→ **SOURCE DATA**
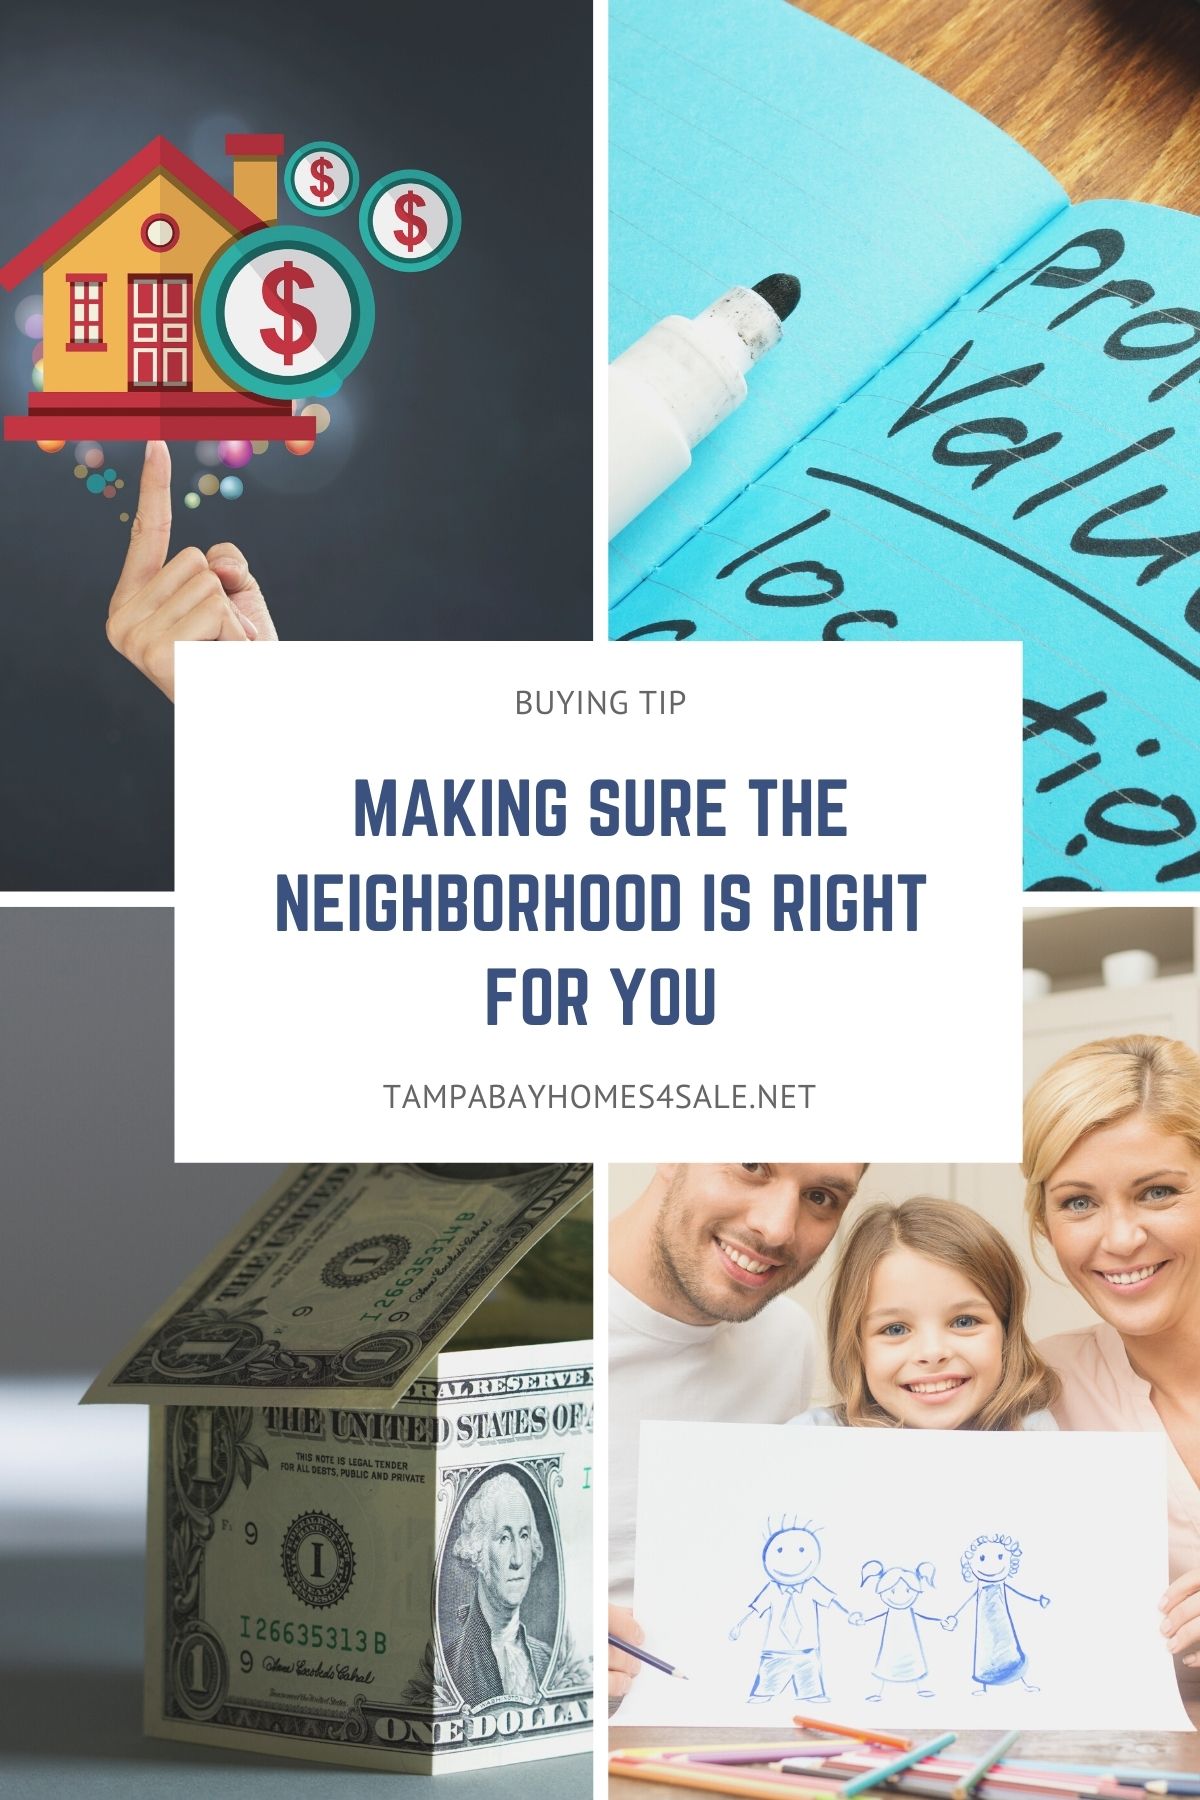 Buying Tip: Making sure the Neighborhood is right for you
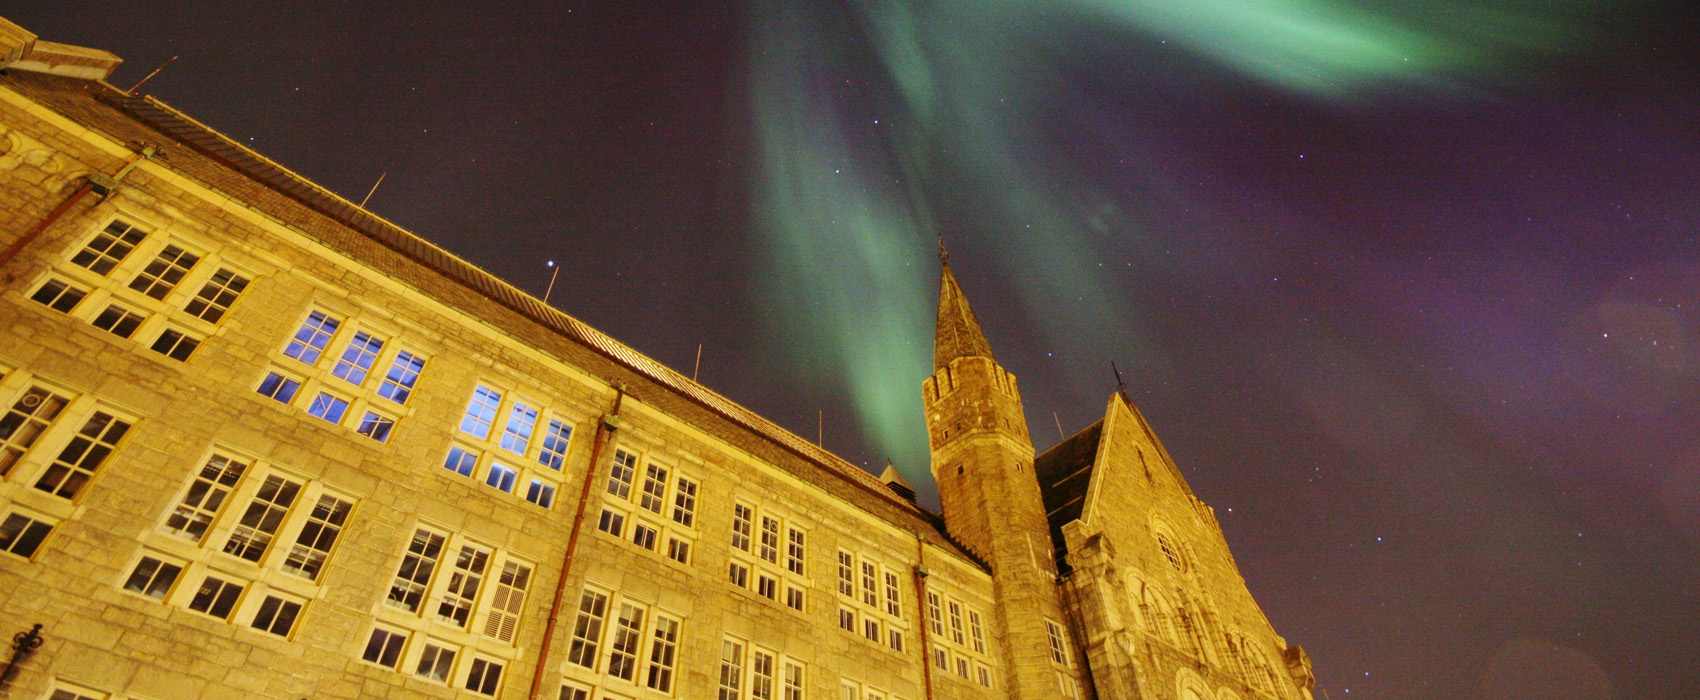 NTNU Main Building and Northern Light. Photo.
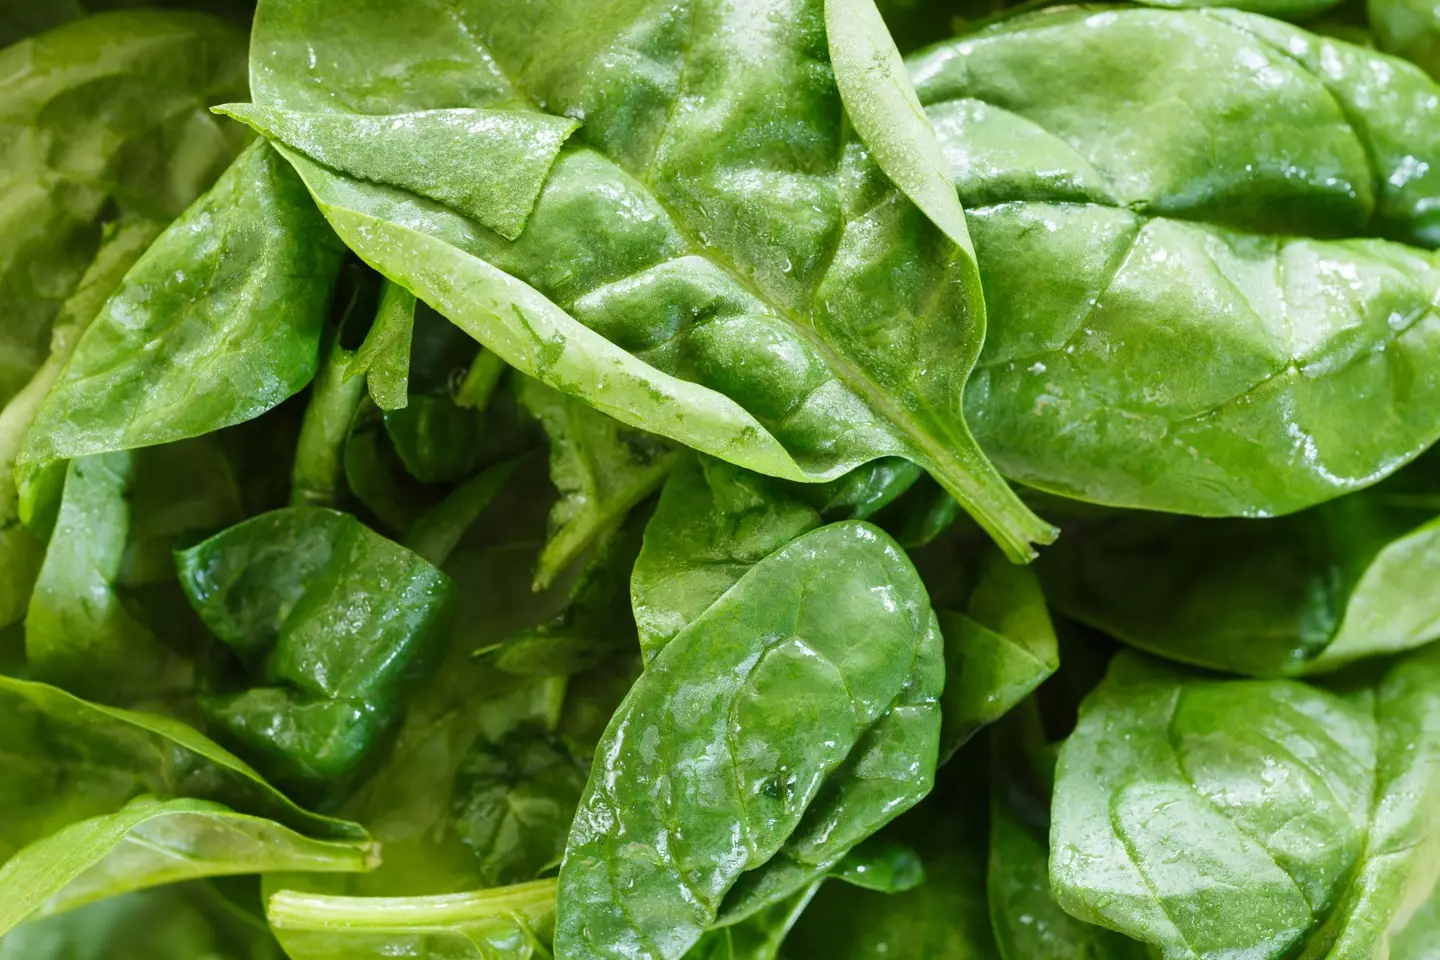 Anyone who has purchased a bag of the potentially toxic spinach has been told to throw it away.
==
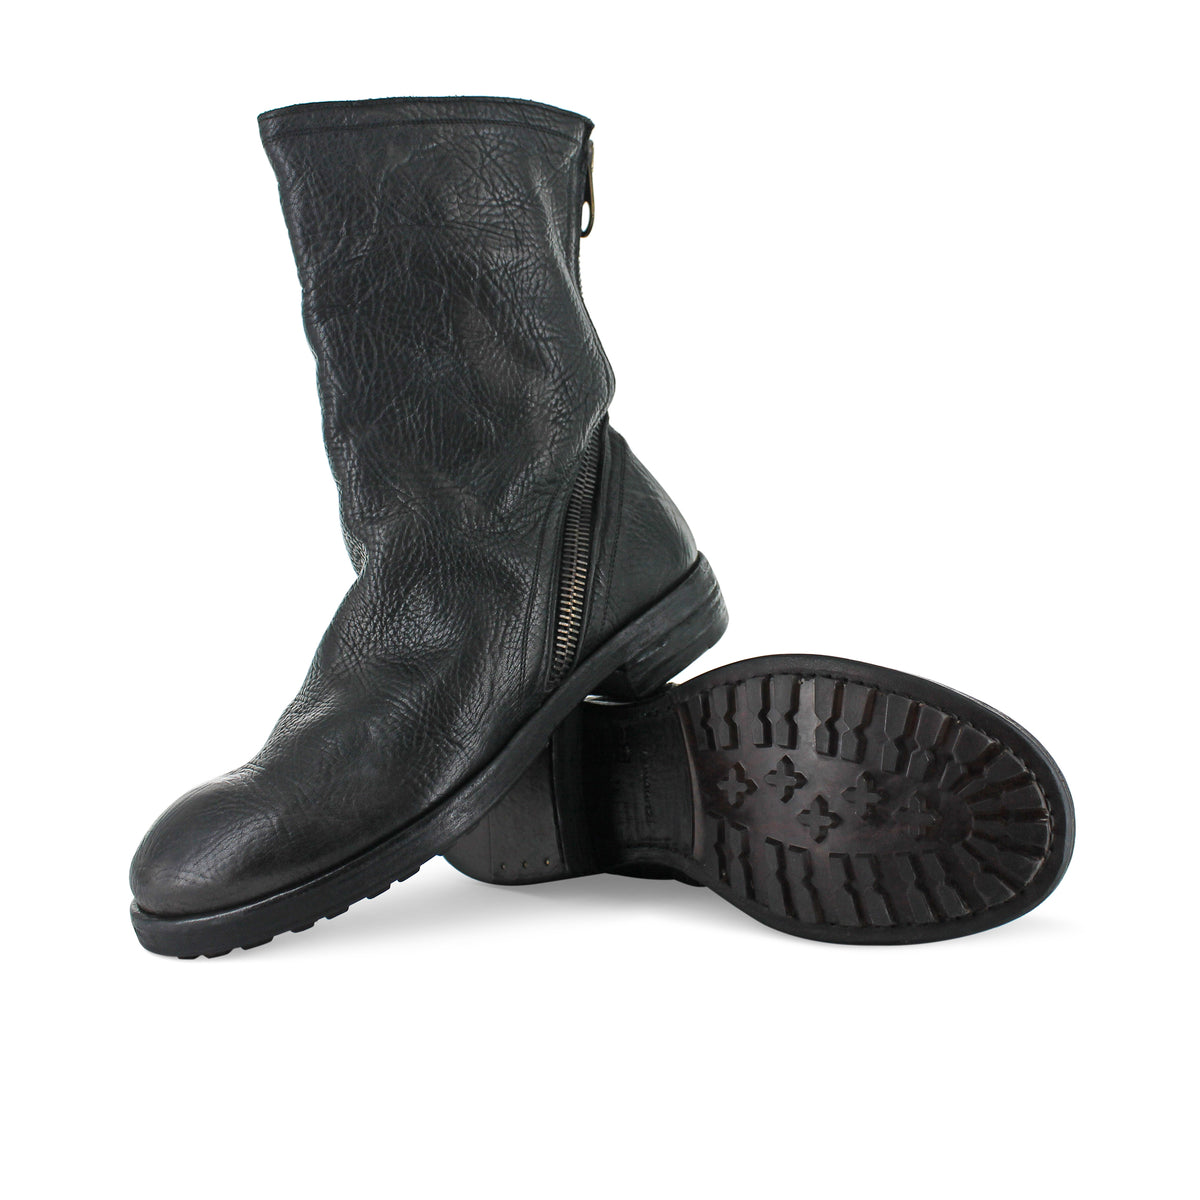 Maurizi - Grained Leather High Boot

→ **TASK BRIEF**
From the listing above, repeat only the lines between the line containing "Buying Tip: Making" and the line containing "Anyone who has", those two included. Pictures are not part of the copy.

→ **TASK RESULT**
 Buying Tip: Making sure the Neighborhood is right for you
 NTNU Main Building and Northern Light. Photo.
 Anyone who has purchased a bag of the potentially toxic spinach has been told to throw it away.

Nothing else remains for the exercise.